- Genre: Murder mystery
- Created by: Anthony Horowitz
- Based on: Marble Hall Murders by Anthony Horowitz
- Written by: Anthony Horowitz
- Directed by: Rebecca Gatward
- Starring: Lesley Manville; Timothy McMullan;
- Composer: Murray Gold
- Countries of origin: United Kingdom; United States;
- Original language: English
- No. of episodes: 6

Production
- Executive producers: Suzanne Simpson; Lesley Manville; Rebecca Gatward; Suzanne McAuley; Jill Green; Anthony Horowitz;
- Producer: Suzanne McAuley
- Cinematography: Peter Robertson
- Editor: Catherine Creed
- Production companies: BBC Studios; Salt Films; PBS Masterpiece; Eleventh Hour Films;

Original release
- Network: PBS
- Release: 6 September 2026 – present
- Network: BBC One

Related
- Magpie Murders; Moonflower Murders;

= Marble Hall Murders (TV series) =

British television series

Marble Hall Murders is a murder mystery television series. It is an adaptation of the mystery novel of the same name by British author Anthony Horowitz and the third novel in the Susan Ryeland series. It premiered on PBS on 6 September 2026.

==Premise==
Susan Ryeland begins to investigate a decades-old death of a once popular author of children's books.

==Cast==
- Lesley Manville as Susan Ryeland
- Tim McMullan as Atticus Pünd
- Patricia Hodge as Miriam Crace / Lady Margaret Chalfont
- Mark Bonnar as Edward Crace / Elmer Waysmith
- Jamie Blackley as Eliot Crace
- Daniel Cerqueira as Dr. Julian Lambert / Hector Lambrose
- Harry Lloyd as Roland Crace / Robert Waysmith
- Rupert Penry-Jones as Jonathan Crace / Jeffrey Chalfont
- Anneika Rose as Wardlaw
- Danny Sapani as Ian Blakeney
- Zubin Varla as Frederick Turner / Achilles Vassilikos
- Katie Clarkson-Hill as Gillian Crace
- Yasmine Al Massri as Leila Crace / Lola Chalfont
- Phoenix Laroche as young Eliot Crace / Cedric Chalfont
- Nia Brown as young Julia Crace
- Luke Lambert as young Roland Crace
- Claire Rushbrook as Katie Williams
- Jorden Myrie as Matthew Flynn
- Laura Rogers as Julia Crace / Judith Lyttleton
- Richard Goulding as Harry Lyttleton
- Martha Lambiri as Maria Kapodistria
- Manolis Emmanouel as Kristos
- Alexis Georgoulis as Michalis
- Ian Porter as Harrison Carter
- Lydia Fleming as Sofia Androulakis
- Amelia Bullmore as Elaine Clover
- Michael Maloney as Charles Clover

==Production==
In January 2025, the series was ordered by BBC One and PBS, with Lesley Manville and Tim McMullan reprising their roles from 2024's Moonflower Murders. The series is adapted by Anthony Horowitz from his third and final Susan Ryeland novel of the same name, with Jill Green as executive producer. Filming locations include Corfu and London. Speaking in June 2025, Horowitz stated that filming on the second series was underway with Rebecca Gatwald as director.

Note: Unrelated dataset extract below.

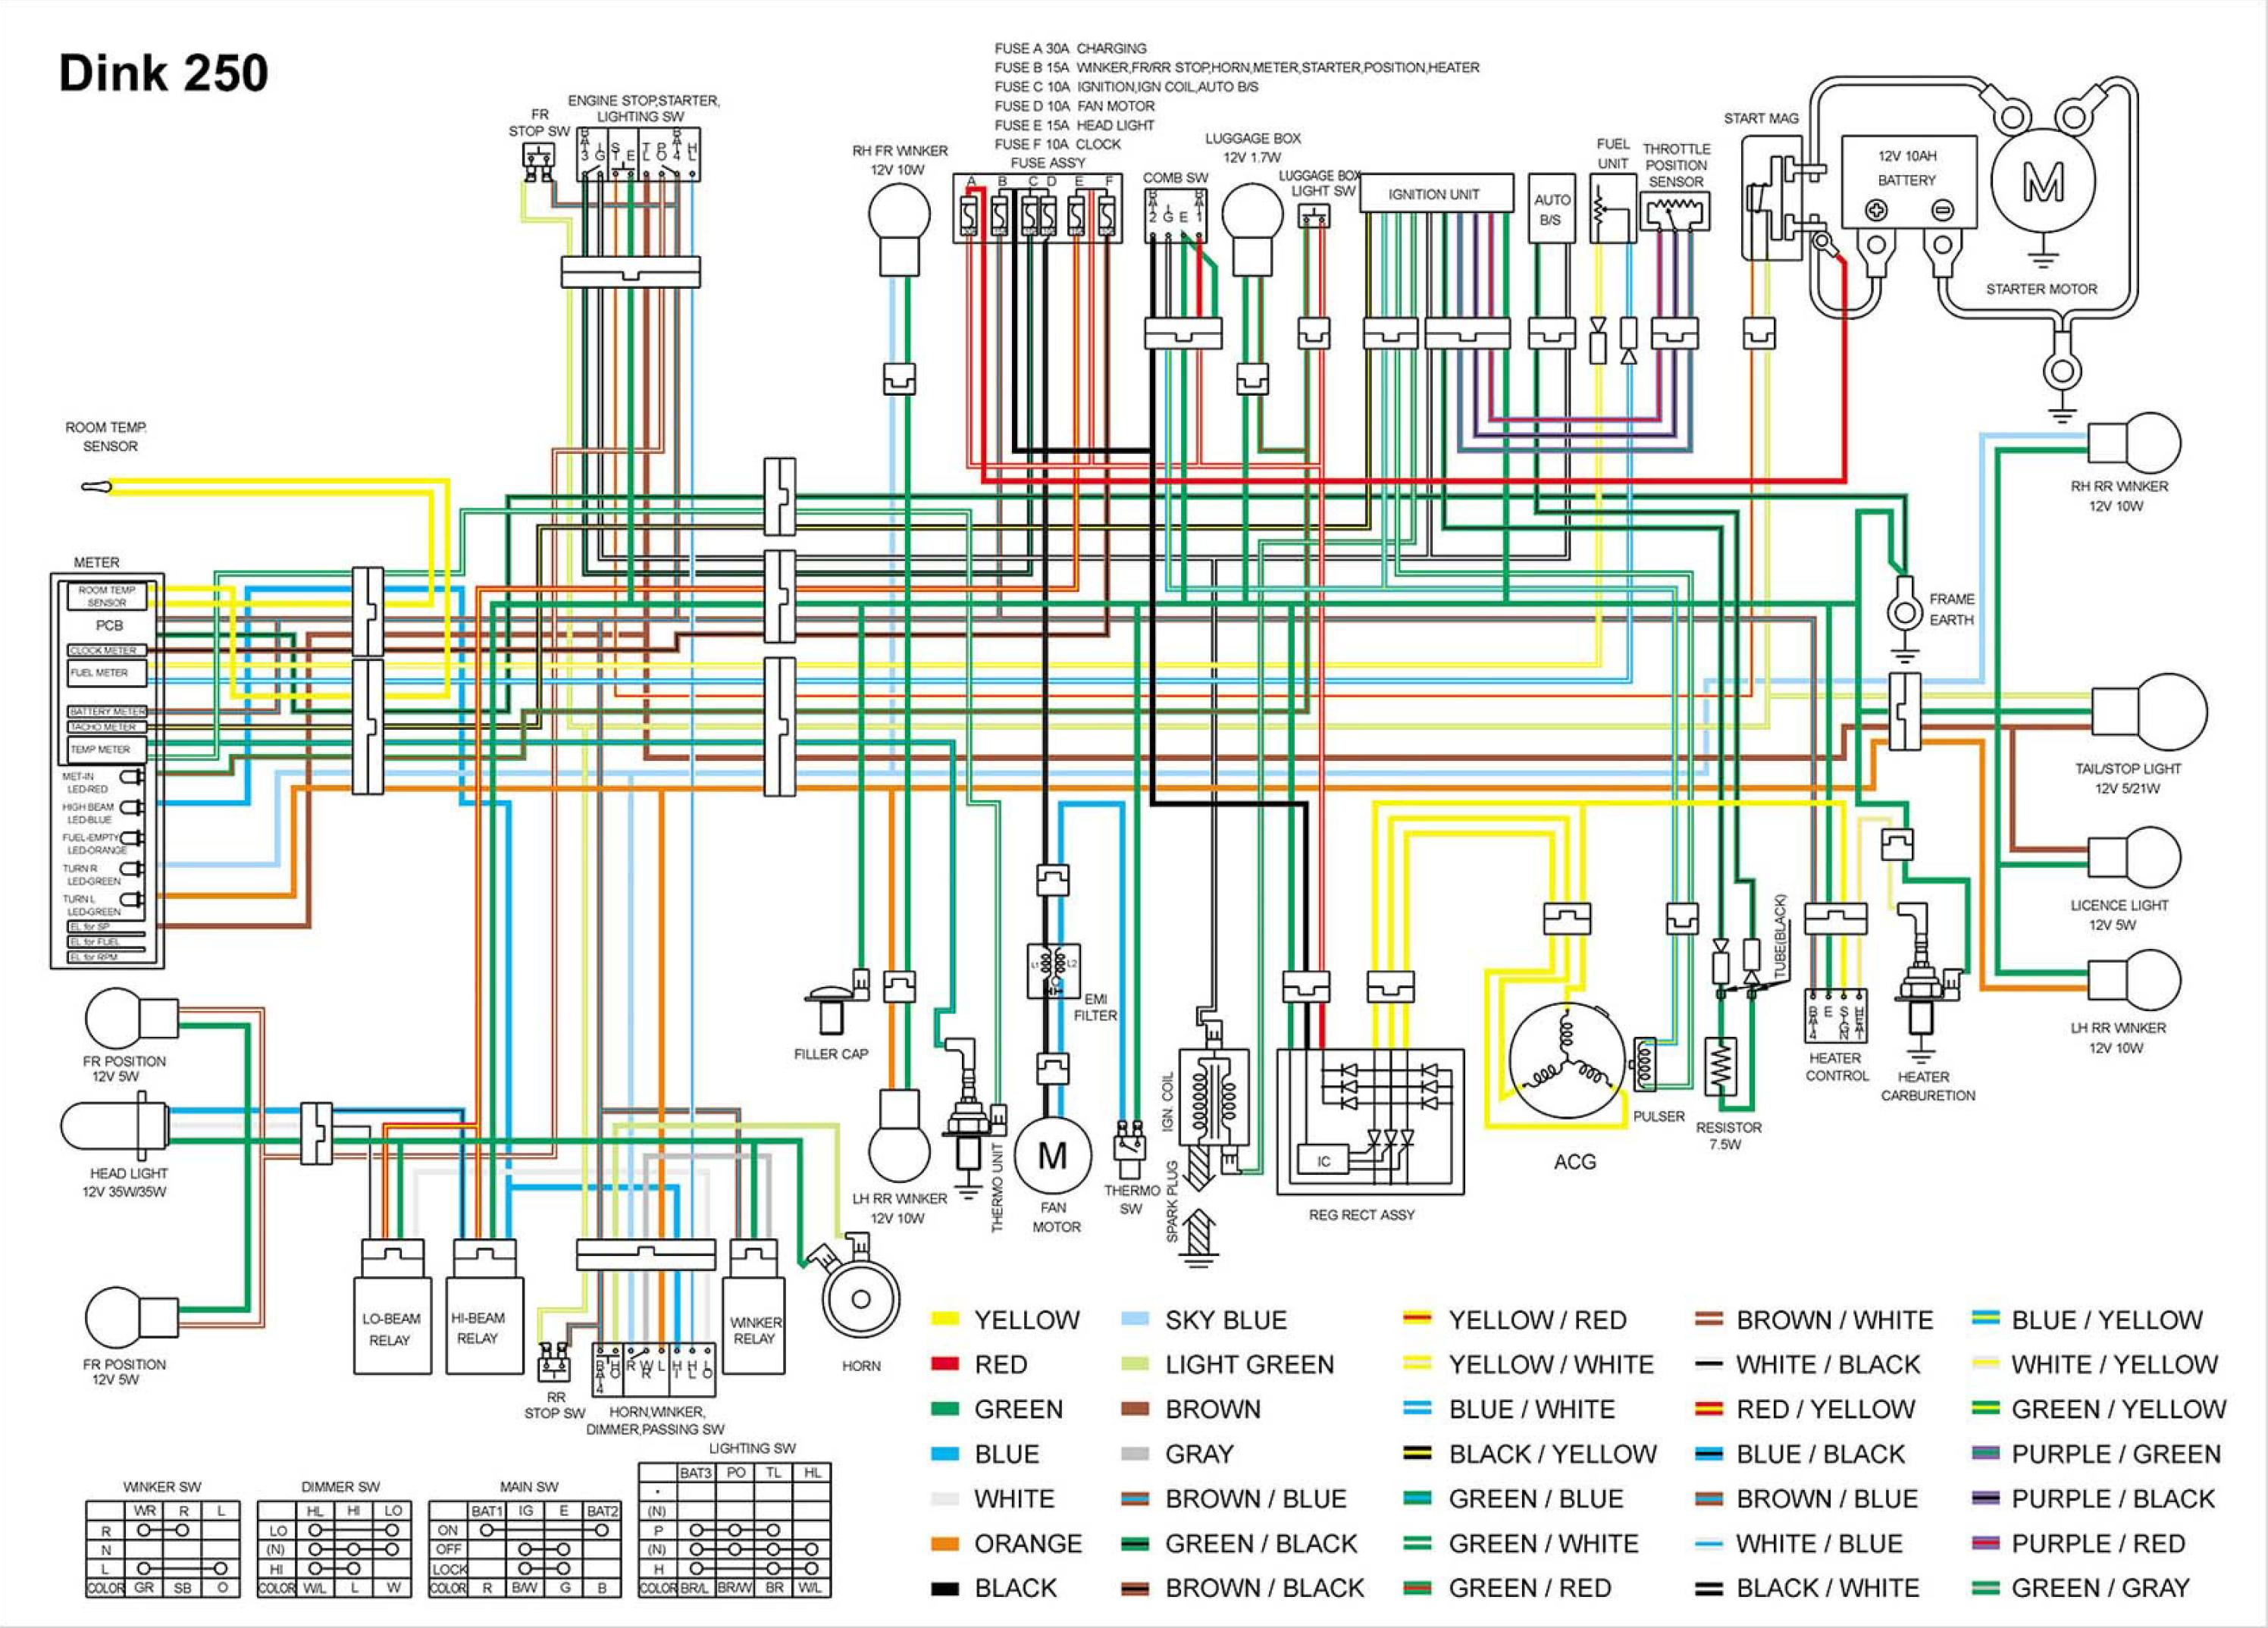 samsung sl 150 wiring diagram get free image about wiring diagram2007 cf moto 500 wiring diagram wiring diagram rh 35 asphalt community de
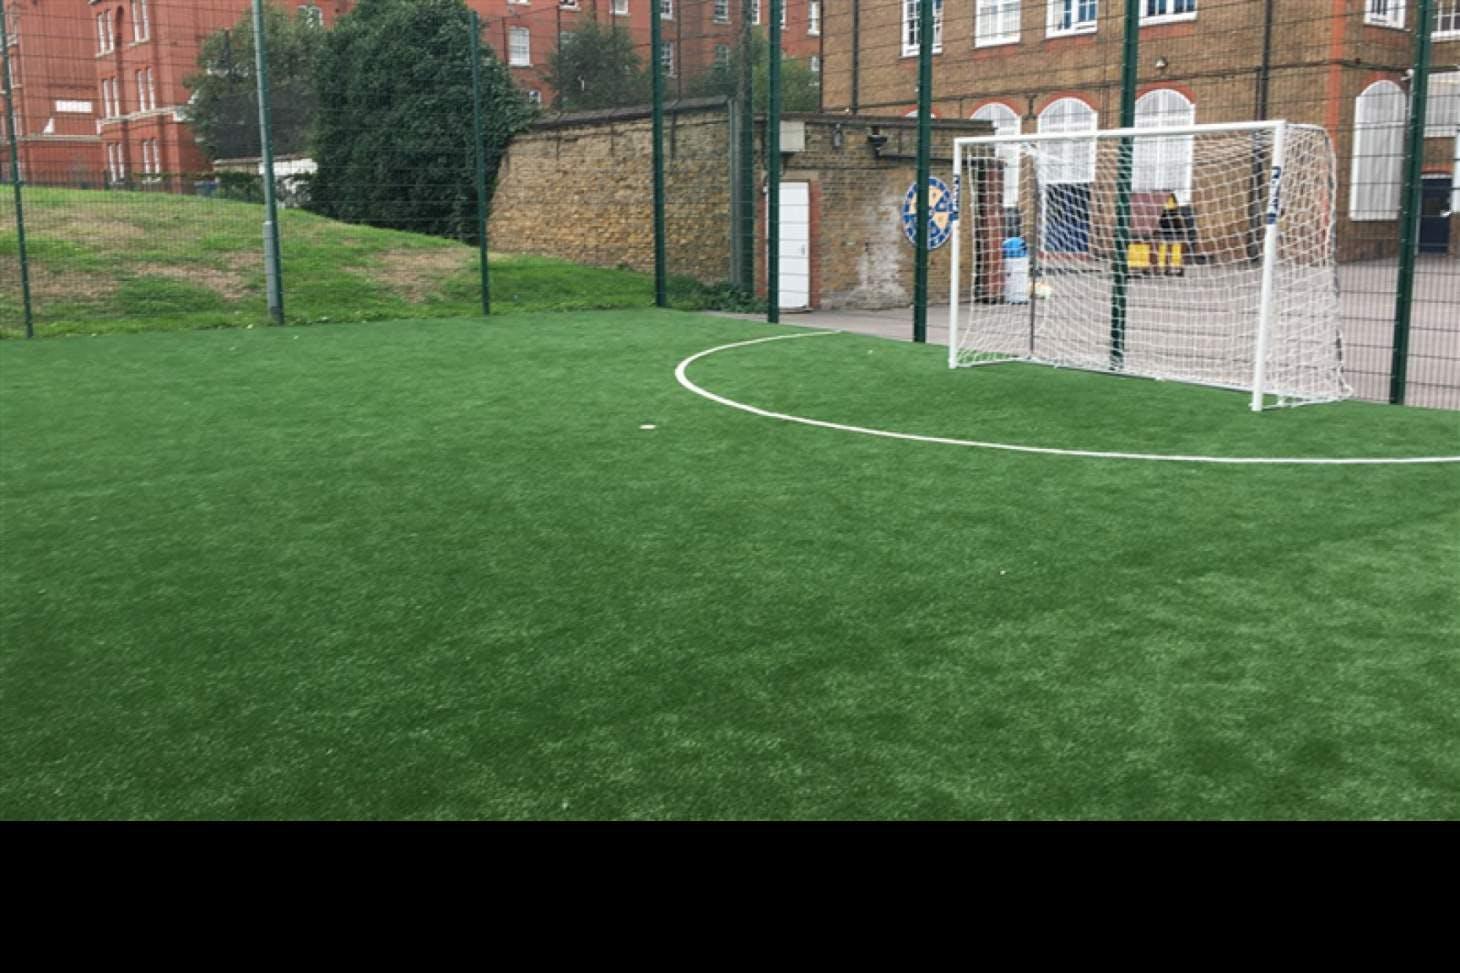 London Bridge Snowsfields 5 a side | 3G Astroturf football pitch

First-look images from filming were released in April 2026, with additional cast members for the series including Mark Bonnar, Patricia Hodge, Rupert Penry-Jones, Anneika Rose and Harry Lloyd.

==Episodes==

| No. | Title | Directed by | Written by | Original release date | U.S. airdate |
|---|---|---|---|---|---|
| 1 | "Episode 1" | Rebecca Gatward | Anthony Horowitz | TBA | 6 September 2026 |
| 2 | "Episode 2" | Rebecca Gatward | Anthony Horowitz | TBA | 13 September 2026 |
| 3 | "Episode 3" | Rebecca Gatward | Anthony Horowitz | TBA | 20 September 2026 |
| 4 | "Episode 4" | Rebecca Gatward | Anthony Horowitz | TBA | 27 September 2026 |
| 5 | "Episode 5" | Rebecca Gatward | Anthony Horowitz | TBA | 4 October 2026 |
| 6 | "Episode 6" | Rebecca Gatward | Anthony Horowitz | TBA | 11 October 2026 |

==Broadcast==
It premiered on PBS in the United States on 6 September 2026, and on BBC One and BBC iPlayer in the United Kingdom on 26 September 2026.